Car-free in Corvallis

Twelve years ago, when my husband and I decided to look for our ideal community, we created a “Top 10 Features” list that included bike-friendly streets and a good bus system. We selected Corvallis as our new hometown, drove across the country, sold our car, and joined the growing numbers of Americans choosing to live car-free.


I’m 69 years old. But when I get on my bike and head off to downtown Corvallis or up to Bald Hill, I feel like I’m eight years old again. There’s a sense of freedom that comes with riding a bike, and, thanks to the extensive system of bike lanes and bike paths in Corvallis, it’s easy to get around town. I can go where cars can’t (my favorite route downtown is through the OSU campus and down the elm-lined path between 14th and 11th), and parking is rarely a problem. The cost savings are enormous: by AAA estimates, we’re saving nearly $9,000 annually by not owning a car.

annette and gigi

Aerobic exercise is built into my daily routine, and I’m far more connected to both the natural and human environment than I would be in a car – a benefit to both emotional and mental health. If I live to a ripe old age, I envision “graduating” to an ELF, a covered solar and pedal-powered three-wheeler.

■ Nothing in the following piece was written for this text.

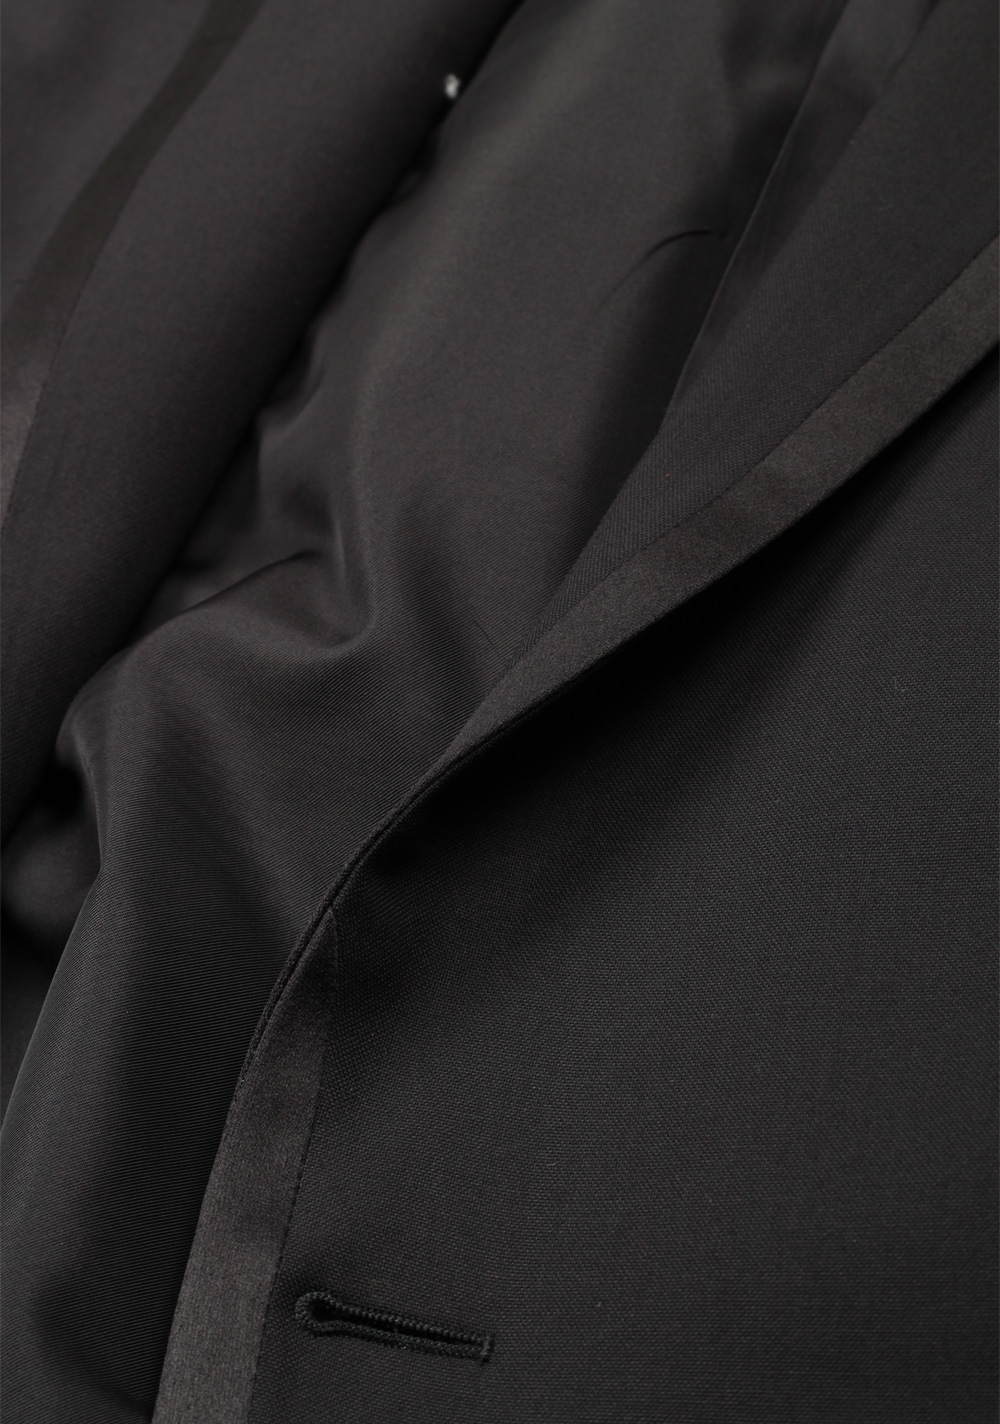 TOM FORD O’Connor Black Sport Coat Tuxedo Dinner Jacket Size 50 / 40R U.S. Fit Y | Costume Limité

When people find out that my bike is my primary mode of transportation, questions generally come up about carrying groceries, riding in the rain, or travelling out of town. My answers are simple:

  • For carrying groceries, our local bike shops sell baskets and panniers, and there is a variety of inexpensive and versatile carts that can be hitched to your bike. We carry our groceries and all kinds of things by bike.
  • For riding in the rain, it’s easy to find good rain gear at our local retail and thrift stores. On the rare occasions that the roads are covered with snow or ice, I ride the bus.
  • For out-of-town travel, we rely on the bus, train, rental cars, and carpooling opportunities. While riding the bus or train usually adds time to my trip, I appreciate the opportunity to slow down, relax, and leave the driving to someone else. Among my favorite out-of-town trips are the Coast-to-Valley Express to Newport and the Cascades train to Portland.

The ease and safety of traveling by bike are a matter of perspective and practice. I find it’s convenient to put on my helmet, hop on my bike, take the less-travelled side streets of Corvallis, and park my bike close to my destination. In terms of safety, I ride my bike just as I used to drive a car – defensively and by the rules of the road.

Biking, walking, skateboarding, and other forms of active transportation provide all of us a great opportunity to get to know the people and places in our community better. And Open Streets is an AMAZING way to experience the joys of being on our streets without relying on a car.  Music, food, games, and people of all ages engaged in joyful activities are all part of it. I hope to see you there!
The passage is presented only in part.